Часовня в Фонтенбло была необыкновенным местом, где будто осталось ещё что-то от средневековья. Готические окна, тёмные стены, обитые деревом, на которых были нарисованы династические лилии, и ледяной каменный пол. Всё здесь пахло деревом, природой и цветами, аромат которых прокрадывался сюда с улицы, где вовсю бушевало лето. Здесь соединился и величавый холод, и уютное тепло.

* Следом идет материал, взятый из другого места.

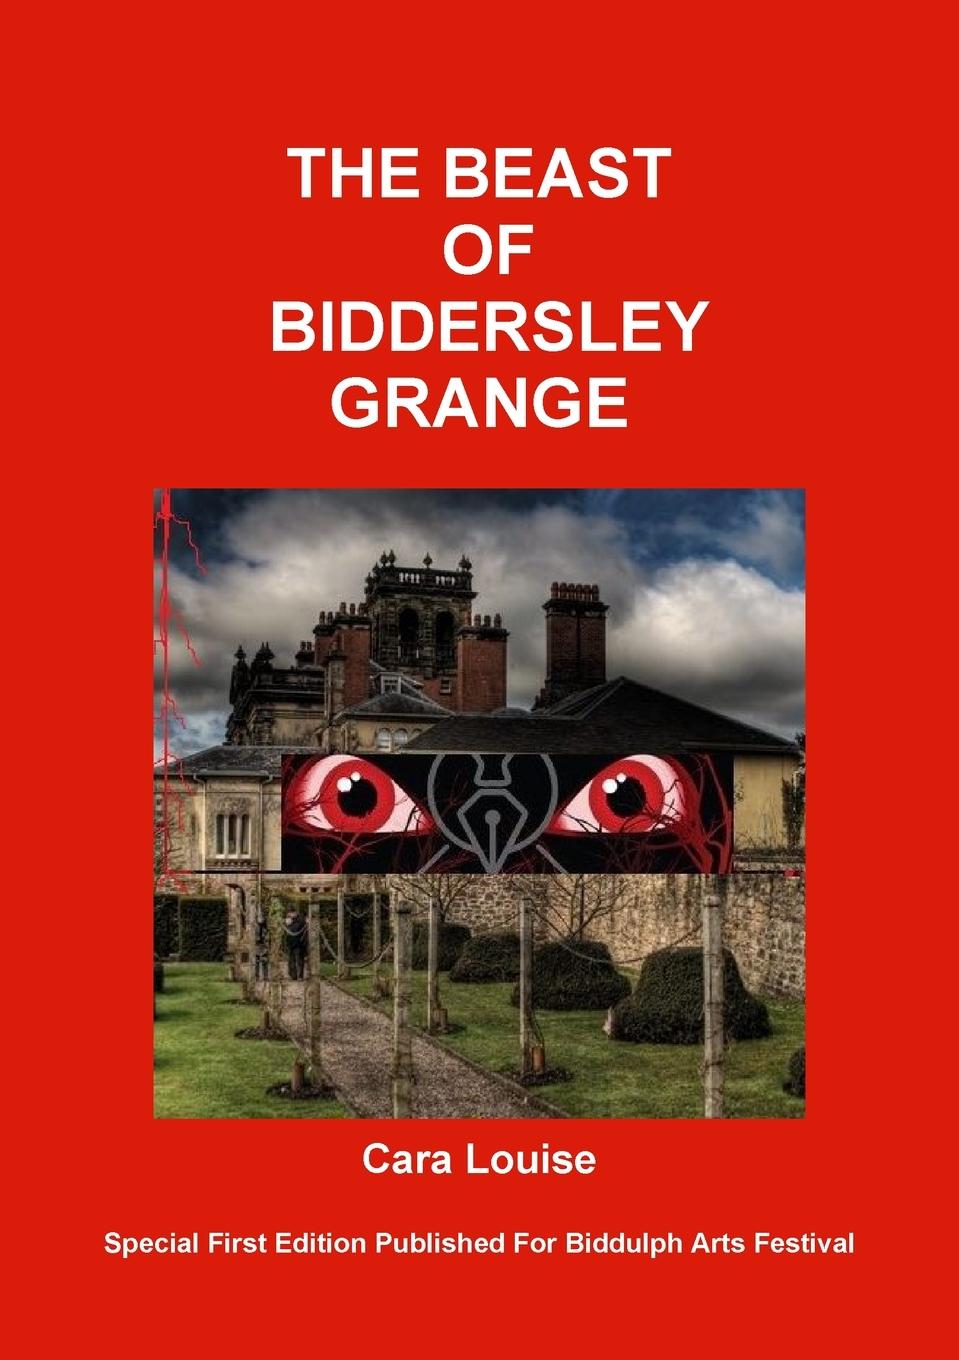 The Beast of Biddersley Grange

Марго опустилась на колени перед статуей девы Марии, сложив руки. У неё было ощущение благодати от пребывания в Фонтенбло, поскольку именно здесь в её душе возрождалось множество воспоминаний о светлом детстве, здесь у неё возникало ощущение принадлежности к своему великому роду, здесь она осознавала, что является частью истории. А в такие моменты хотелось обратиться к Богу, чтобы поблагодарить его и попросить, чтобы он даровал ей свою помощь и дальше. Желание помолиться в Маргариты возникало не очень часто, но зато если уж возникало – то искреннее.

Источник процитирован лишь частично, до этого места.